** DATASET EXTRACT follows **

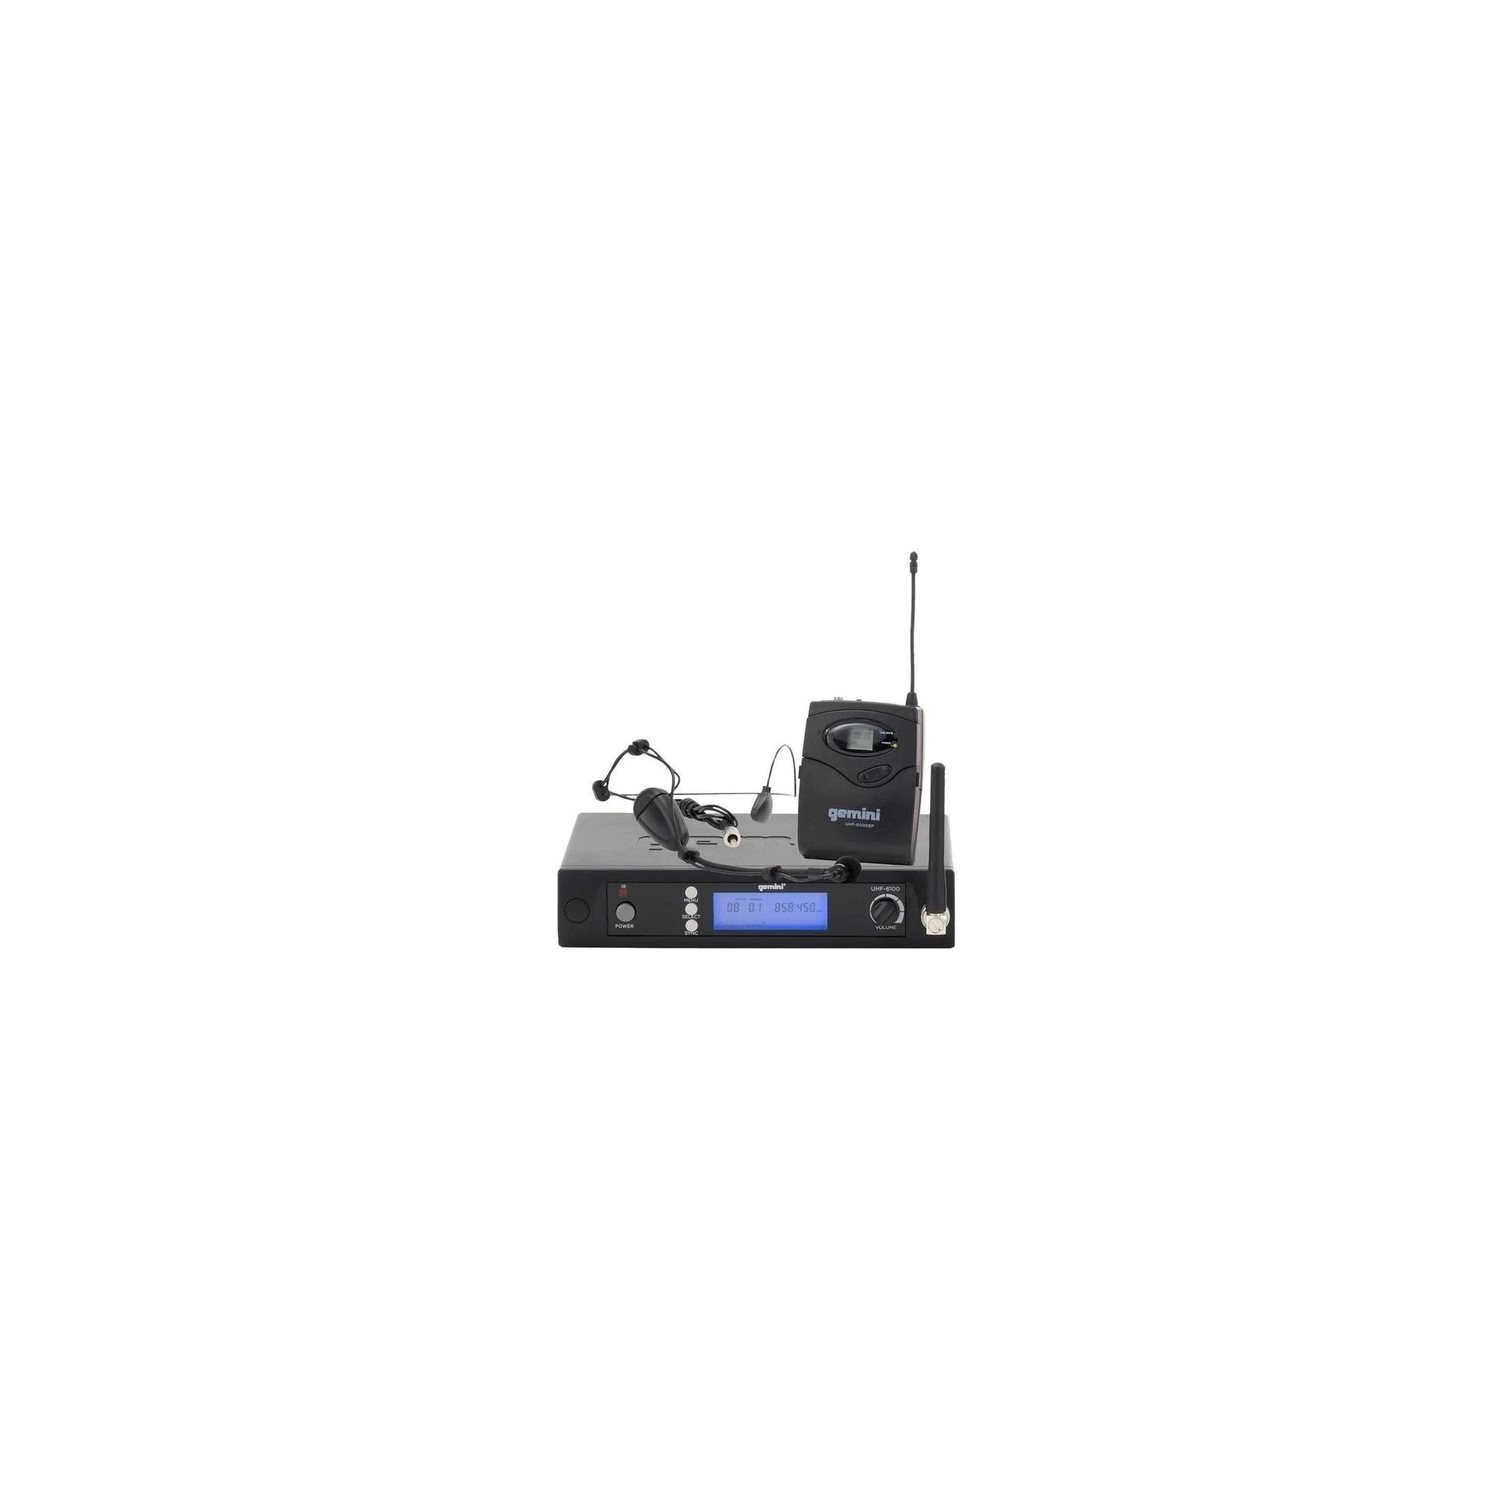 GEMINI - UHF-6100HL-R2 - Single Channel Wireless Headset Microphone System
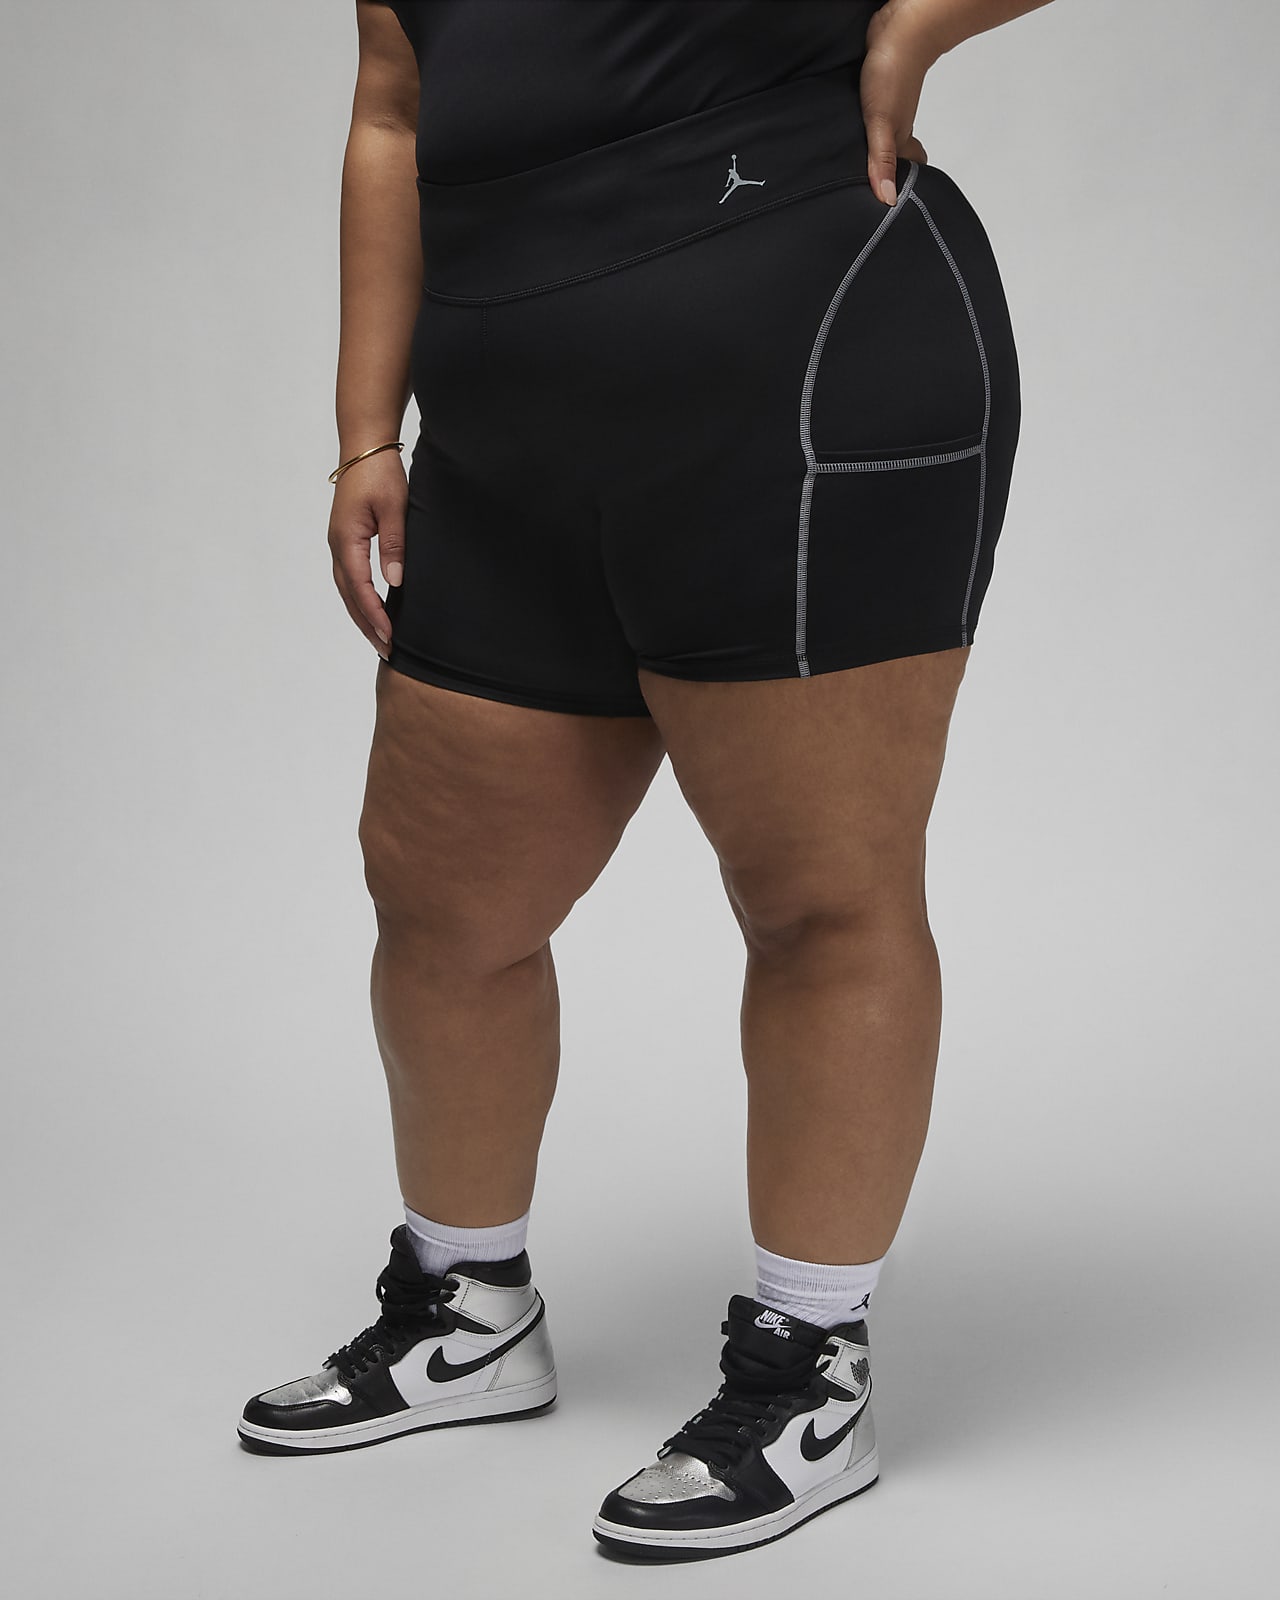 Jordan Sport Women's Shorts (Plus Size)
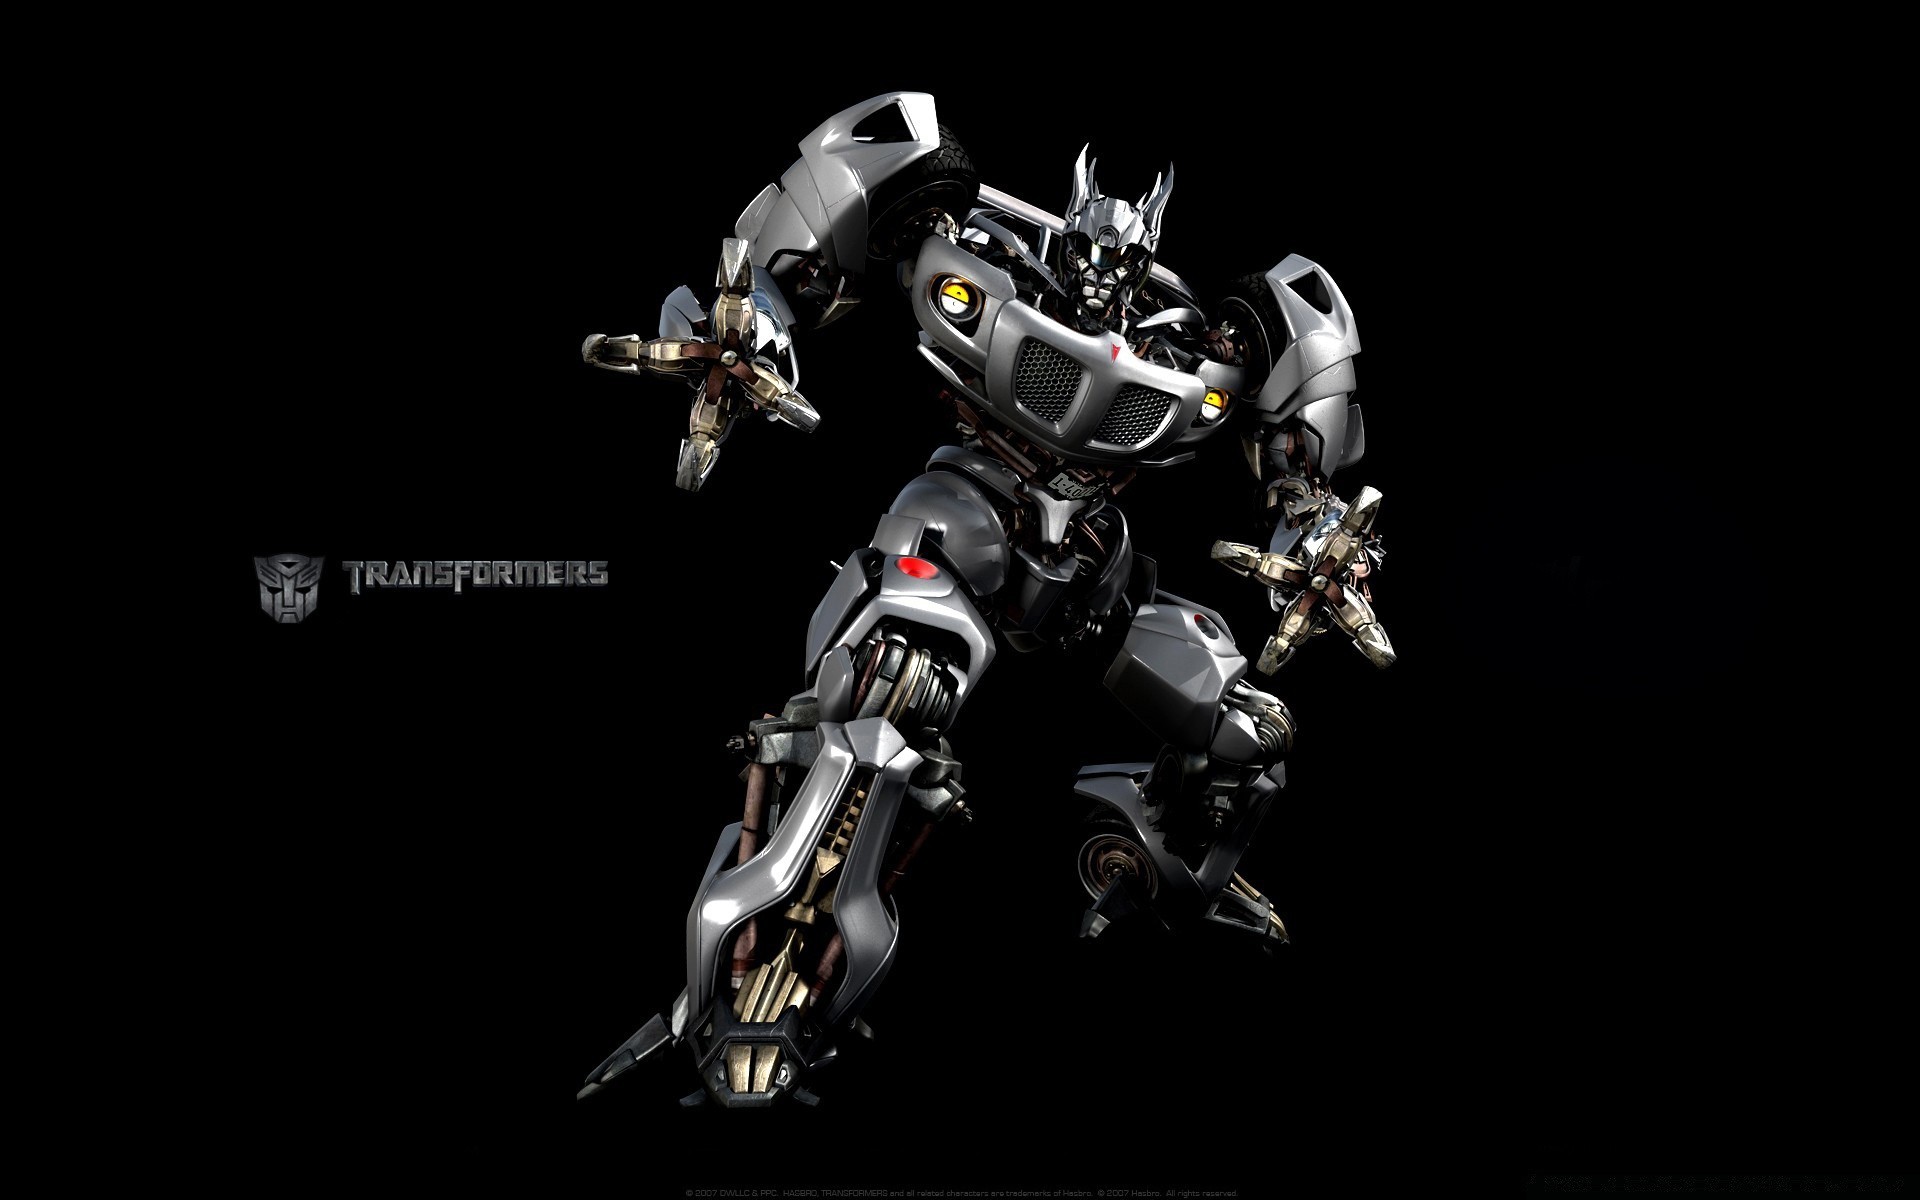 Transformers Science Robot Futuristic Cyborg Chrome - Jazz Transformers - HD Wallpaper

** End of DATASET EXTRACT **

AIM OF THE EXERCISE: From the first line to the last, repeat the listing exactly and skip its images.

YOUR RESPONSE:
 GEMINI - UHF-6100HL-R2 - Single Channel Wireless Headset Microphone System
 Jordan Sport Women's Shorts (Plus Size)
 Transformers Science Robot Futuristic Cyborg Chrome - Jazz Transformers - HD Wallpaper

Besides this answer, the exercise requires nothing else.